Lo más preocupante es la falta de políticas efectivas que impulsen la separación en la fuente y fomenten el reciclaje. Santa Marta está anclada en un modelo de gestión de residuos obsoleto, incapaz de adaptarse a las demandas ambientales contemporáneas. Mientras otras ciudades en Colombia y el mundo avanzan hacia modelos sostenibles, aquí seguimos gestionando los residuos como si estuviéramos en el siglo pasado.
La administración actual, encabezada por Carlos Pinedo, ha demostrado una alarmante indiferencia frente a esta problemática. Su ausencia de liderazgo y propuestas concretas no solo agravan la crisis, sino que evidencian una desconexión con las necesidades reales de la ciudadanía. Las promesas de campaña sobre una ciudad limpia y organizada se desvanecen frente a la realidad de calles atestadas de basura y contenedores desbordados.
Resulta inevitable cuestionar los intereses detrás de esta política. Más allá de los discursos oficiales, el fracaso de la contenerización parece estar más relacionado con un negocio rentable para unos pocos que con una solución genuina al problema de las basuras. La adquisición e instalación de los contenedores, los contratos de recolección y las decisiones sobre los operadores de aseo son terrenos fértiles para la corrupción y el manejo opaco de recursos.

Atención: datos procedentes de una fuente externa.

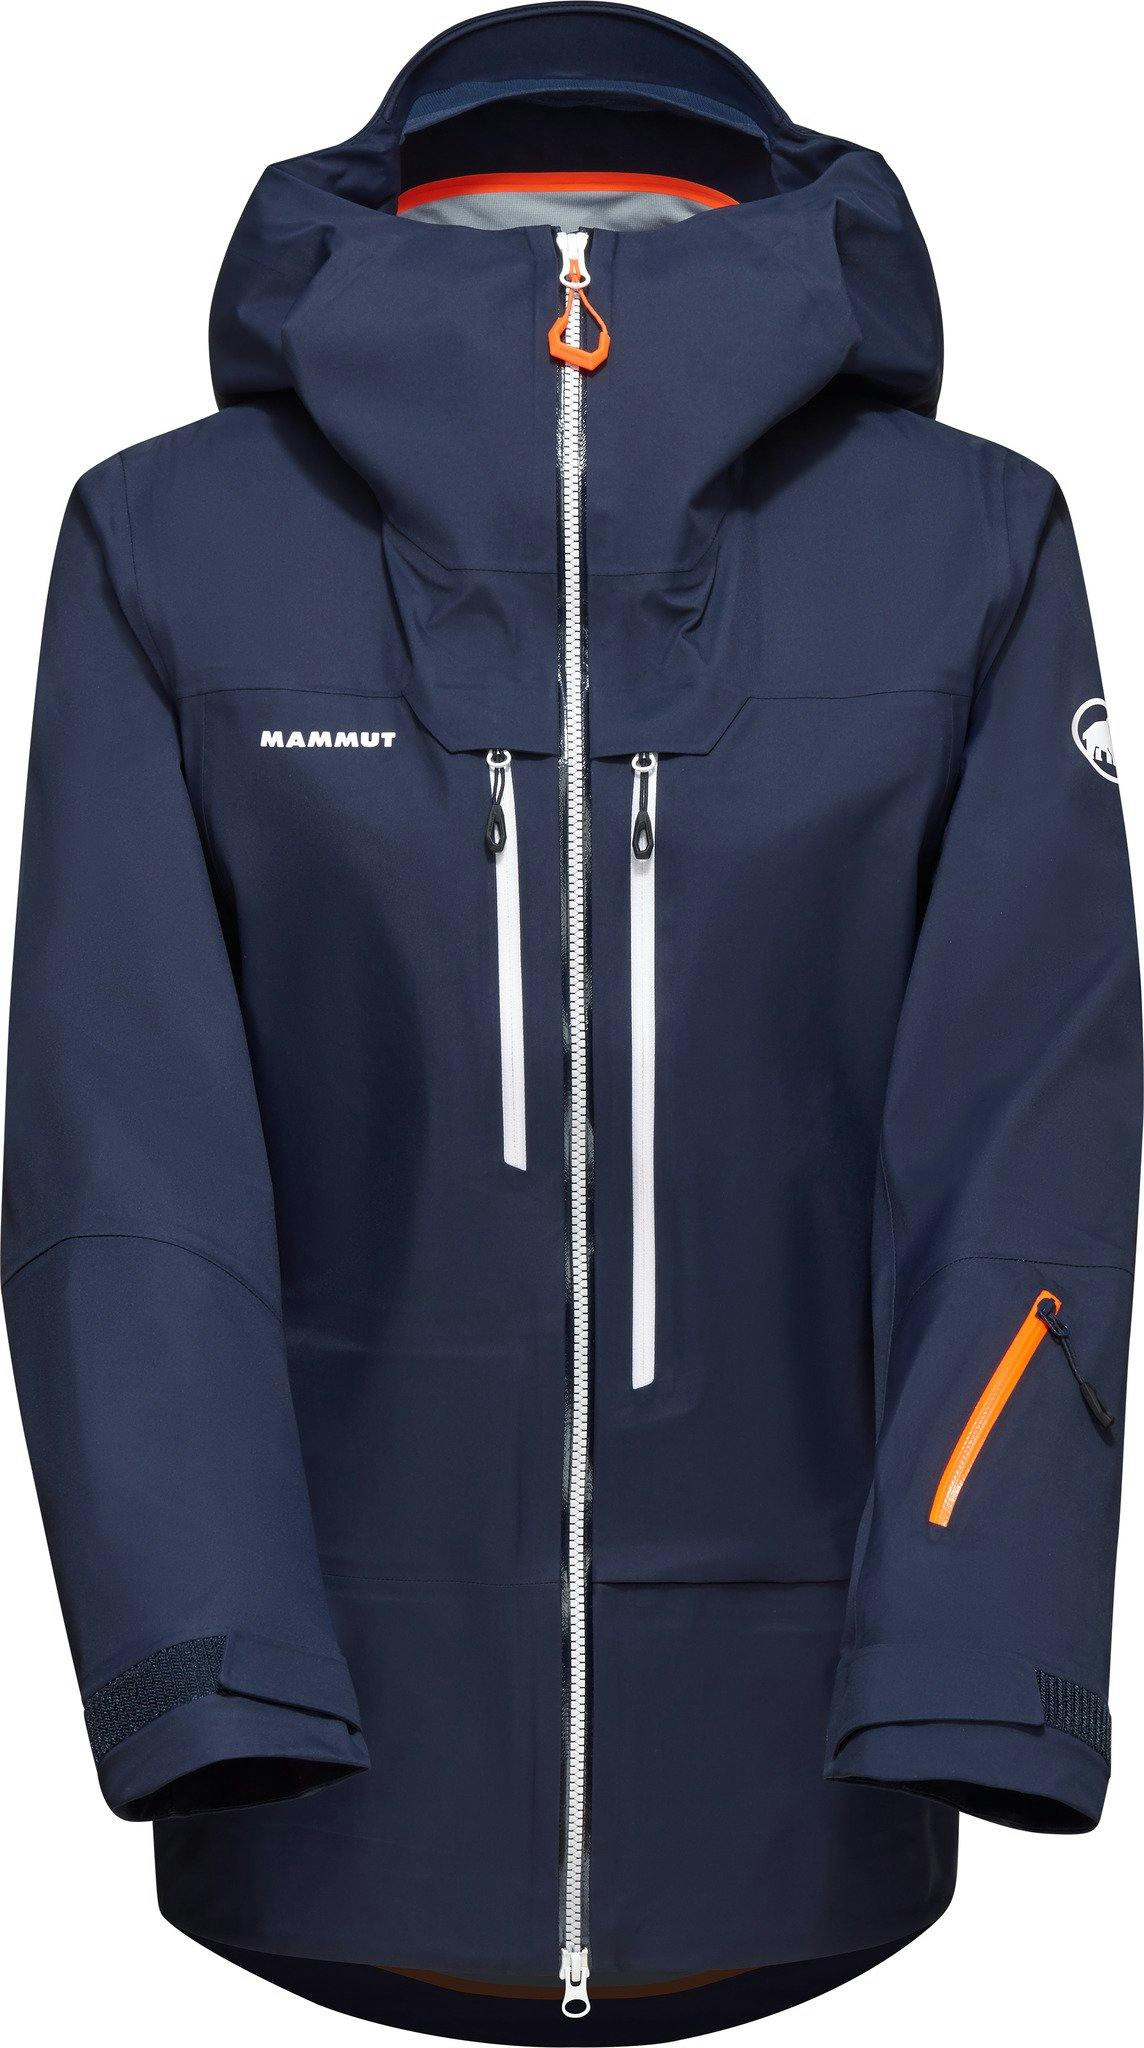 Product image for Haldigrat Air Hardshell Hooded Jacket - Women's

En este escenario, la ciudadanía es la gran damnificada. Los samarios enfrentan no solo las consecuencias visibles de la mala gestión, sino también el deterioro de su confianza en las instituciones. Santa Marta necesita más que parches: requiere una reestructuración profunda de su modelo de gestión de residuos, basada en la transparencia, la participación ciudadana y el compromiso con el medio ambiente.
La basura en Santa Marta no solo está en las calles, sino también en las prácticas políticas que anteponen intereses económicos a las soluciones sostenibles. Si no se toman medidas urgentes y estructurales, la ciudad seguirá hundiéndose en un ciclo vicioso de improvisación, corrupción y abandono. La contenerización, que alguna vez se planteó como una herramienta de modernización, se ha convertido en un monumento al fracaso administrativo. Es hora de que los responsables rindan cuentas y de que la ciudadanía exija un cambio real.